MPEG Audio FAQ

MPEG-7: description of meta-information on sound


Overview of MPEG-7 Audio

What does MPEG-7 standardize?

It is officially called "Multimedia Content Description Interface", a means of providing meta-data for multimedia. MPEG-7 focusses on two different work items in this context:

For the second work item, MPEG-7 is not restricting itself to traditional "card catalogue" descriptions (e.g. Dublin Core) of video and/or audio material but also develops descriptions that require (human or automatic) content analysis of multimedia material and are able to grasp information on structural and semantic content. MPEG-7 does not standardize extraction algorithms but only focusses on the specifications of outcomes of such algorithms. However, in developing the standard, MPEG will develop tools for creating descriptions to prove their effectiveness, and these tools may be extraction algorithms. They will not be part of the standard, or "normative," however.

What is the relationship to previous MPEG efforts?

Where MPEG-1 and -2 concentrated almost entirely on compression, MPEG-4 moved to a higher level of abstraction in coding objects and using content-specific techniques for coding content. MPEG-7 moves to an even higher level of abstraction, a cognitive coding, some might say.
In principle, MPEG-1, -2, and -4 are designed to represent the information itself, while MPEG-7 is meant to represent information about the information (although there are areas common between MPEG-4 and -7). Another way of looking at it is that MPEG-1, -2, and -4 made content available. MPEG-7 allows you to describe and thus find the content you need.

What are the general applications for MPEG-7?
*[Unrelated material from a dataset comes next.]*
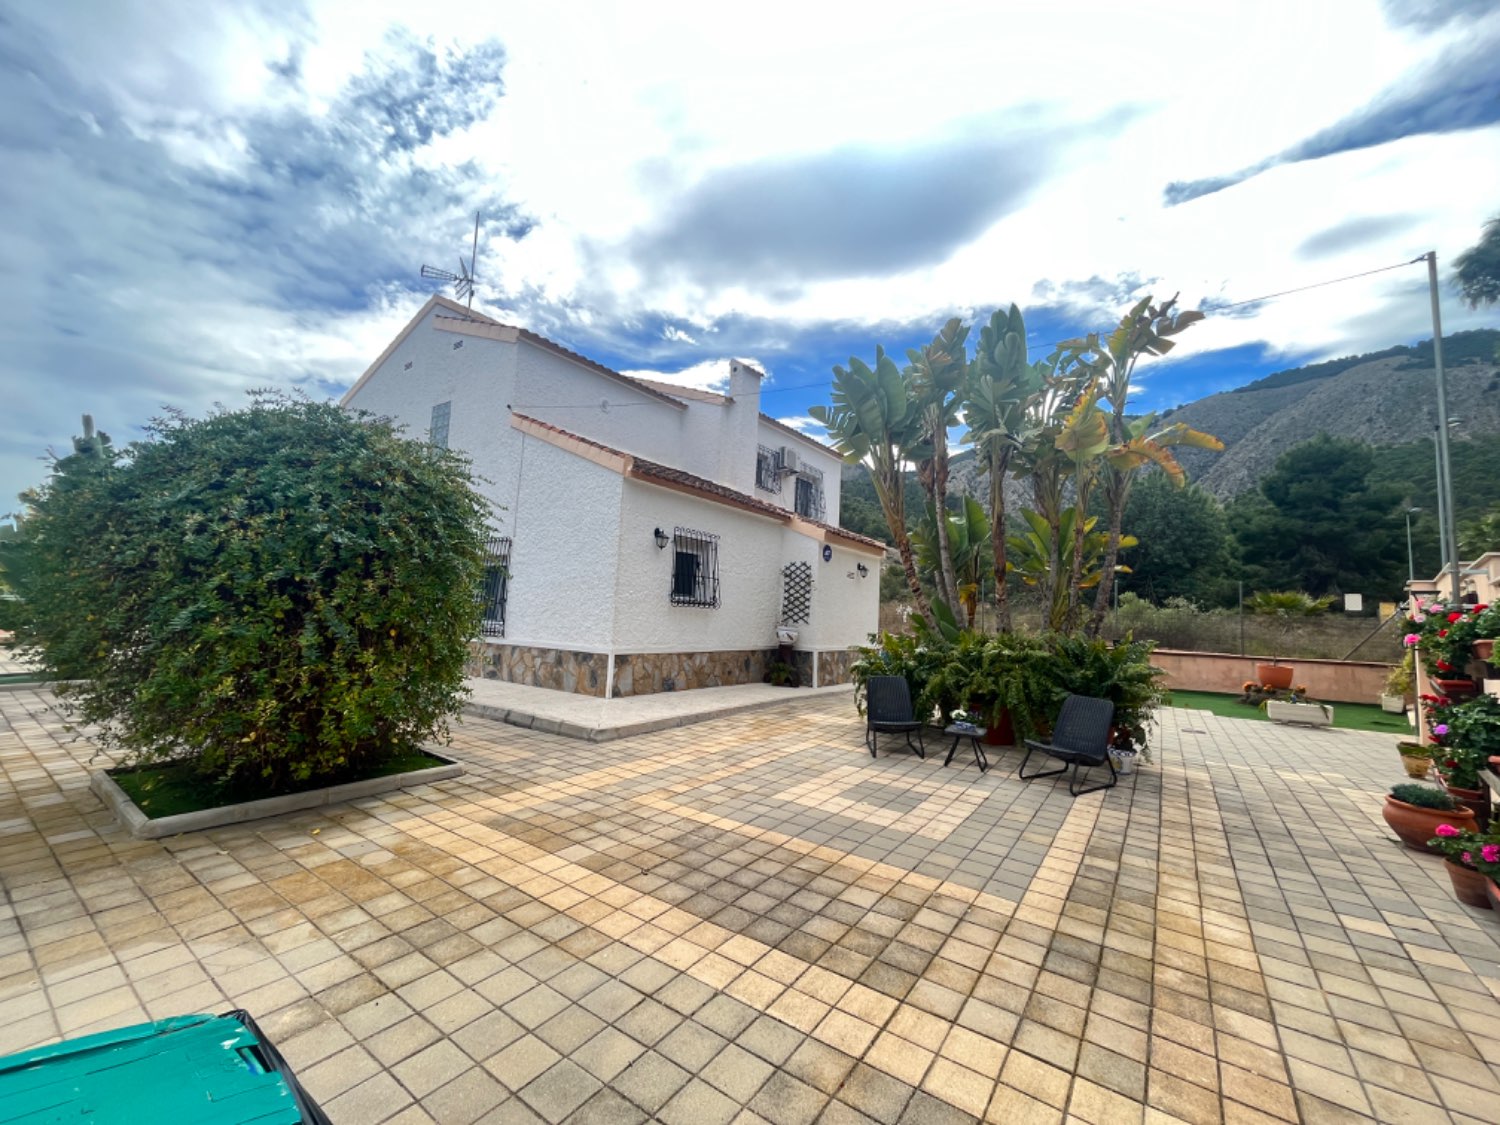 Villa located in Montepinar with more than 1400m2 plot, 4 bedrooms and 2 bathrooms.
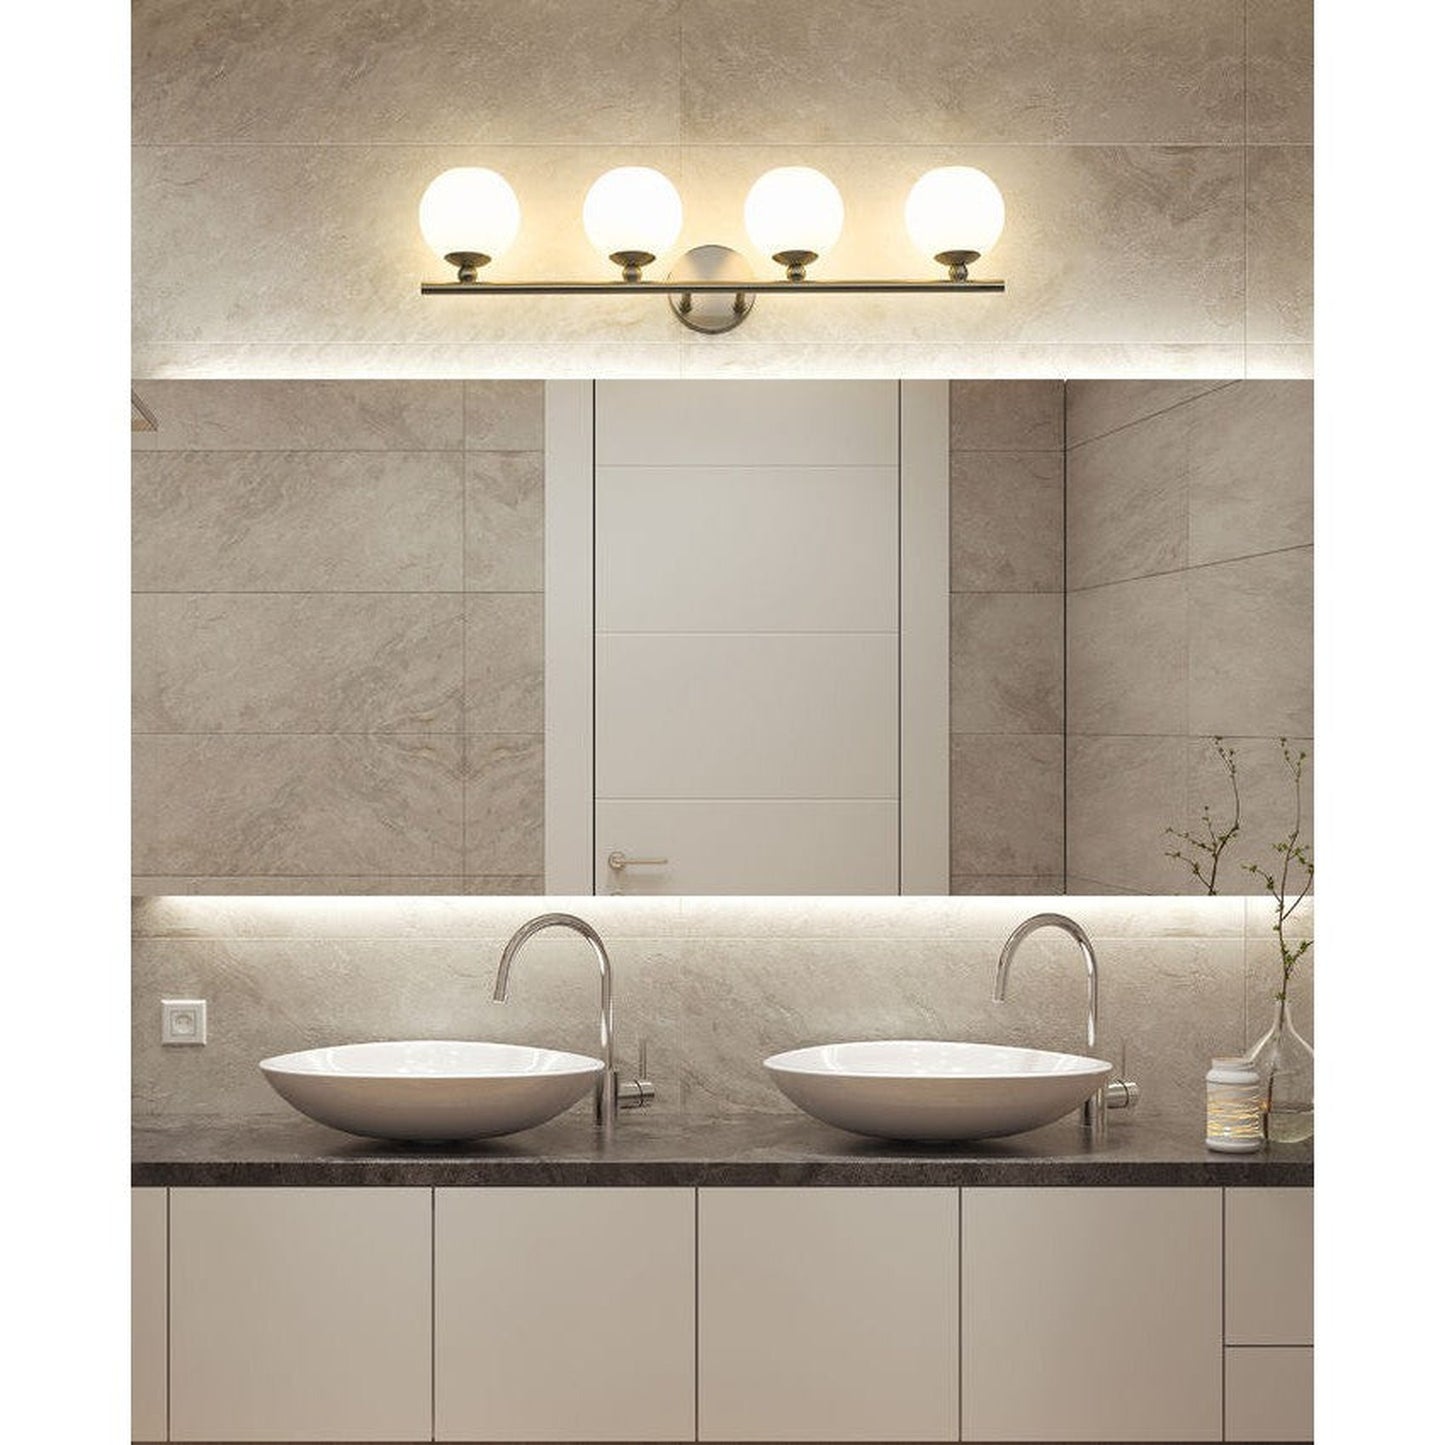 Z-Lite Neoma 30" 4-Light Brushed Nickel and Opal Etched Glass Shade Vanity Light

MPEG-7 aims at making the web more searchable for multimedia content than it is for text today. This also applies to making large content archives accessible to the public (or to enable people to identify content to buy). A big issue here is a standardized set of descriptors for the same type of data within every content archive such that the same tools are able to access a lot of different collections in the same way. The information used for content retrieval may also be used by agents for selection and filtering of broadcast material. Additionally, the meta-data may be used for more advanced access to the underlying data, by enabling automatic or semi-automatic multimedia presentation or editing.
In summary, example application areas of MPEG-7 audio are:

What are specific functionalities foreseen for MPEG-7 audio? (or, what can I tell my organization MPEG-7 audio is good for?)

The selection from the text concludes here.